Morocco and Western Sahara: UN expert calls for better promotion of cultural rights and diversity

RABAT (16 September 2011) – The UN Independent Expert in the field of cultural rights, Farida Shaheed, urged the Moroccan Government on Friday to further promote cultural rights and diversity in the country, by expanding current initiatives and reaching all cultural communities, including minorities.

“The exemplary coexistence of different cultures, together with mutual respect and tolerance, are essential for prosperity and should be encouraged and widely supported and promoted,” Ms. Shaheed said* at the end of her official mission, which took place from 5-16 September.

“Guaranteeing the protection of human rights through supportive legal and policy frameworks alongside practical, targeted interventions that place empowerment and meaningful community engagement at their centre are necessary to ensure the full enjoyment of cultural rights for all,” she stressed.

During her twelve-day mission, the human rights expert went to Rabat, Casablanca, Agadir, Marrakesh, Fes, Meknes, and Khemisset in Morocco, where she met with Government officials and civil society representatives, in addition to academics, grass roots leaders, and representatives from different cultural communities and minority groups.

The Independent Expert welcomed a number of “excellent initiatives” to promote cultural rights and cultural diversity, especially the government initiative of the Centre Régional de Documentation d’Animation et de Production Pédagogique in Marrakesh.

This programme has managed to halve dropout rates in a short period of time; support the self-expression of students through various media, and engage students with cultural heritage and participation in cultural life in an imaginative and effective manner. “Initiatives such as this should be replicated in other regions,” Ms. Shaheed recommended.

“I was particularly impressed with the work and the enthusiasm of the filles cavalières community group in Khemisset,” she said. “This initiative not only preserves the culture of Moroccan society as a living tradition, but also gives a new impetus to women’s participation in cultural life and their contribution to continuing a cultural heritage that was traditionally embodied by men.” Ms. Shaheed also urged the Government to consider extending support to such community based initiatives.

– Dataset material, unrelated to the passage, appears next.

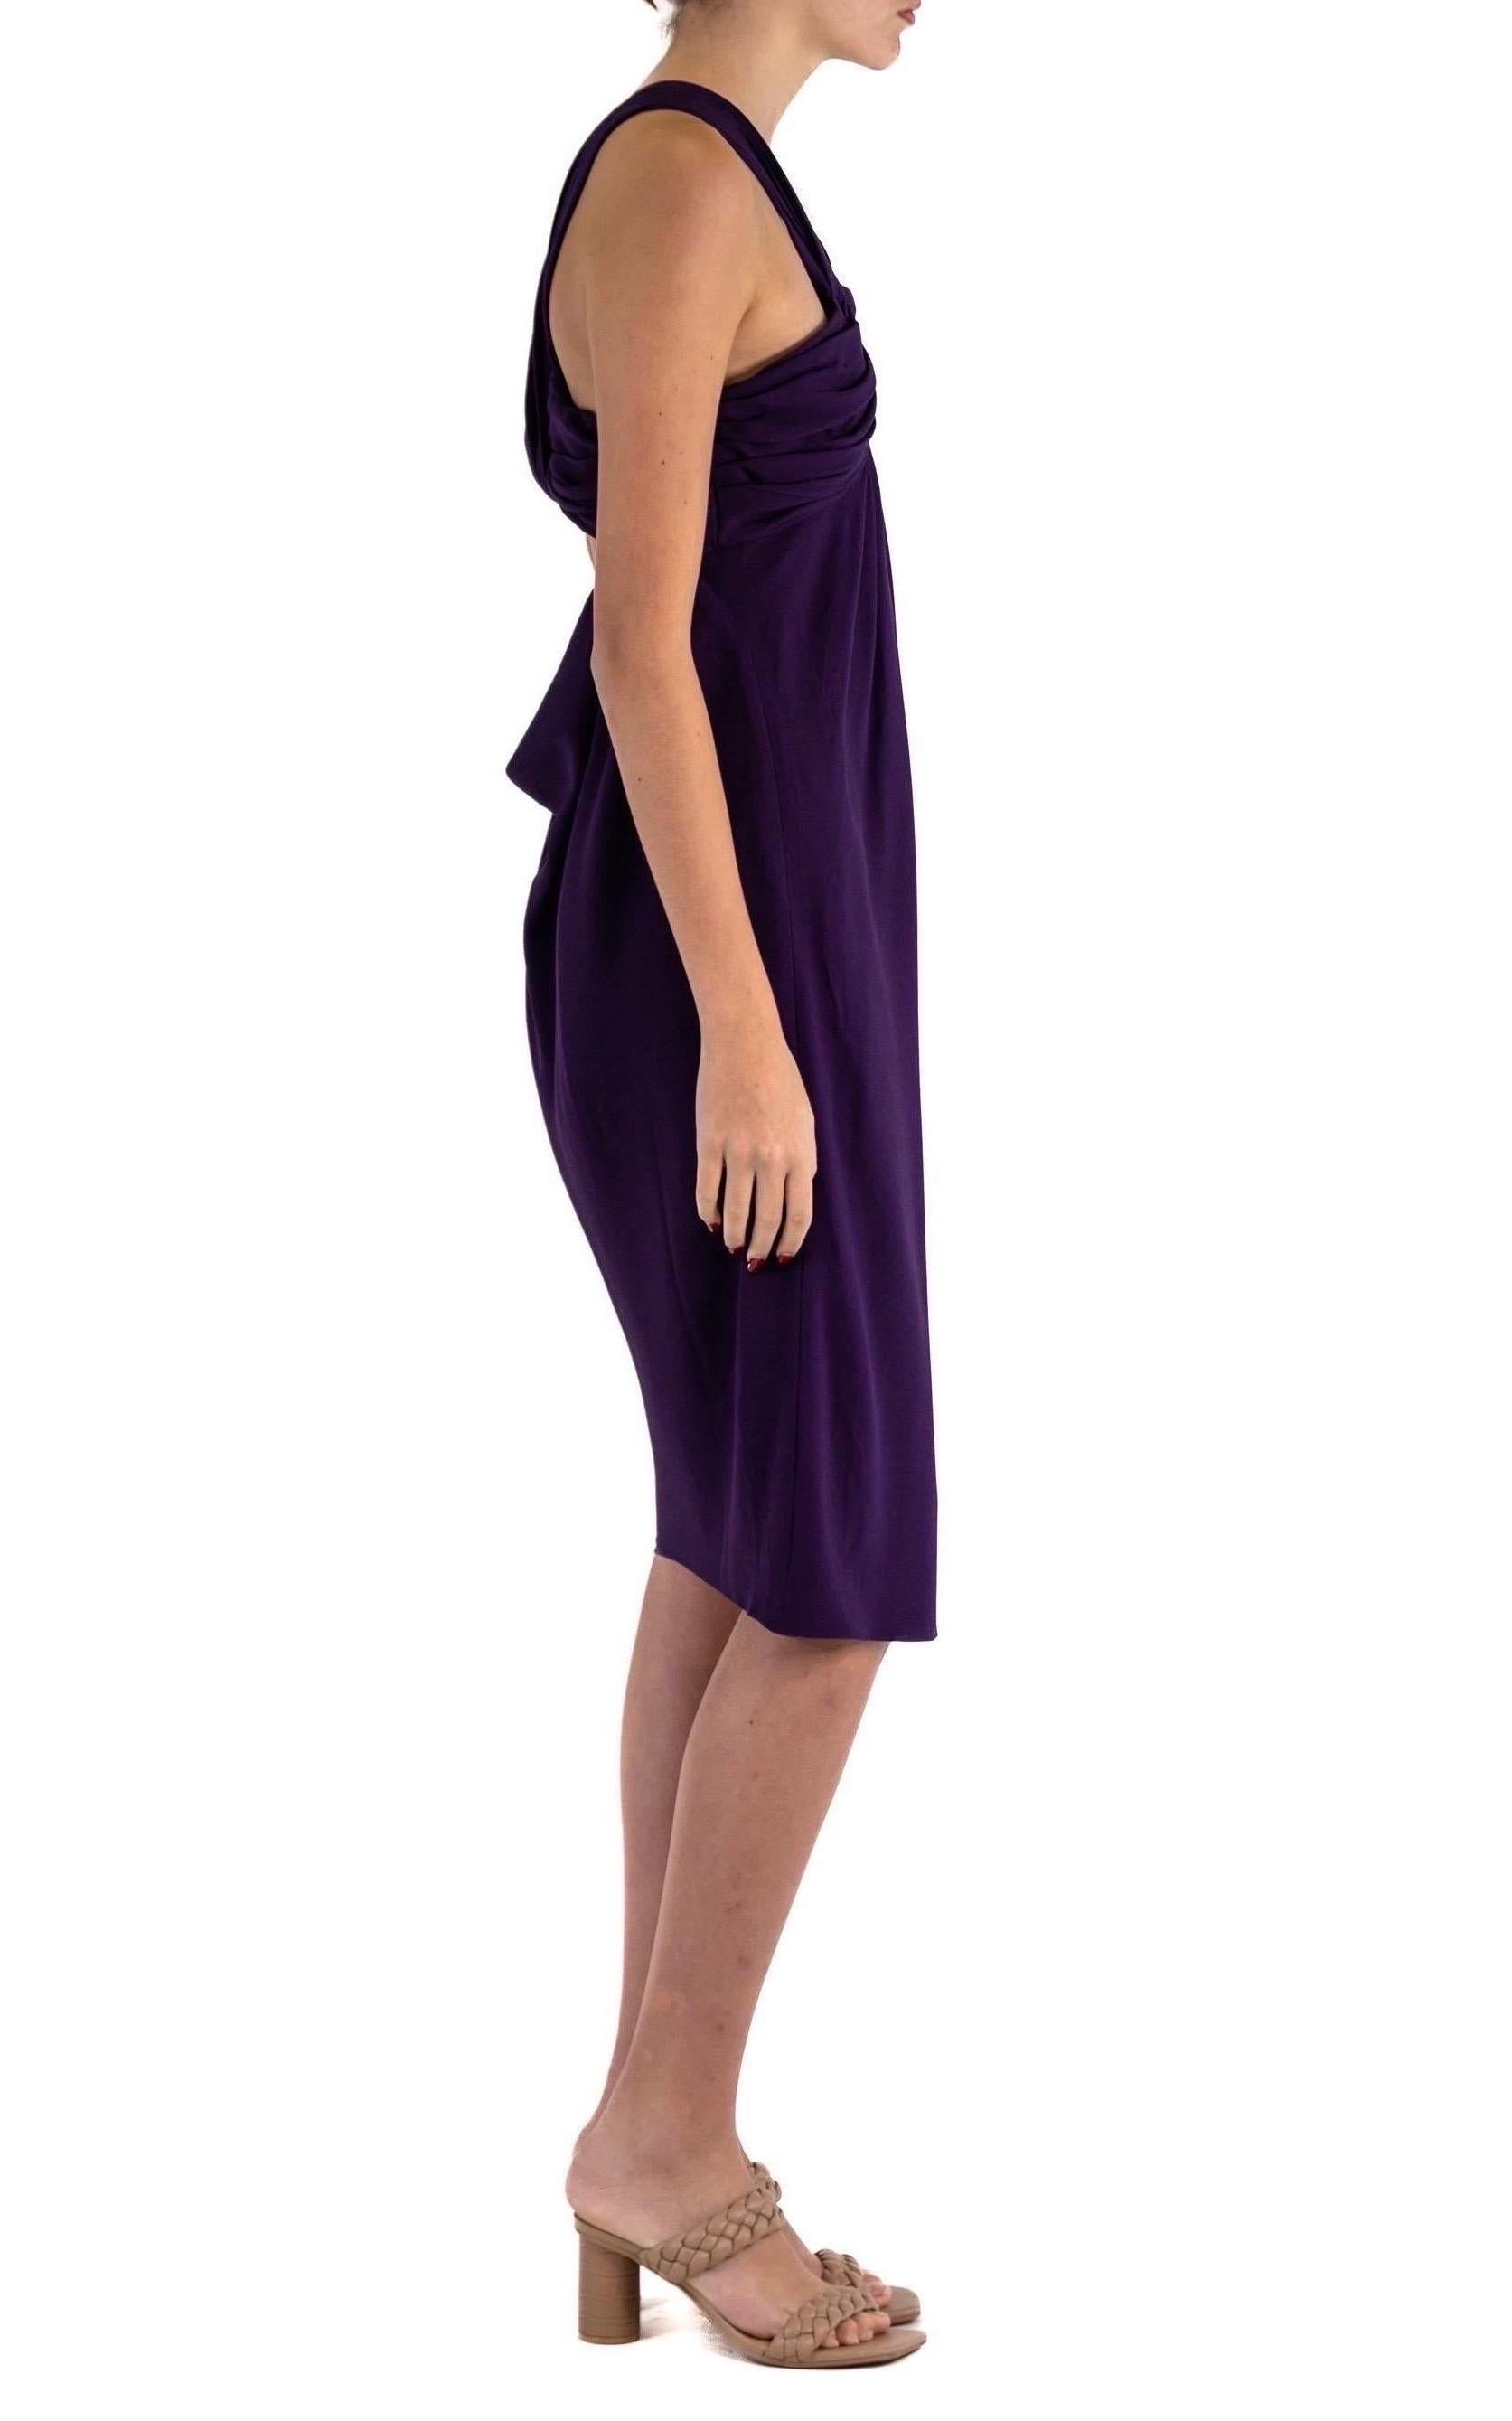 1990S JOHN GALLIANO CHRISTIAN DIOR Purple Rayon & Silk Chiffon Cocktail Dress W In Excellent Condition For Sale In New York, NY

“The new Constitution places greater emphasis on cultural rights and diversity and confers an official status to the languages of the Amazigh population, and I call upon the government to make a tangible reality of these commitments by passing relevant bylaws without delay,” the UN Independent Expert said.

“I also visited Dakhla in Western Sahara where I learnt about numerous festivals promoting the cultural heritage of Western Sahara, although some Saharawi musicians were denied participation because of the specific cultural references contained in their proposed performances. A number were also unable to give their children Hassani names,” Ms. Shaheed said. “Measures that limit the cultural rights of the population of Western Sahara should be immediately revoked.”

Ms. Farida Shaheed took up her functions as Independent Expert in the field of cultural rights on 1 November 2009. She has worked for more than 25 years promoting and protecting cultural rights by fostering policies and projects designed in culturally sensitive ways to support the rights of marginalized sectors, including women, peasants, and religious and ethnic minorities. She has been the recipient of several national and international human rights awards, and is an experienced participant in negotiations at international, regional and national levels.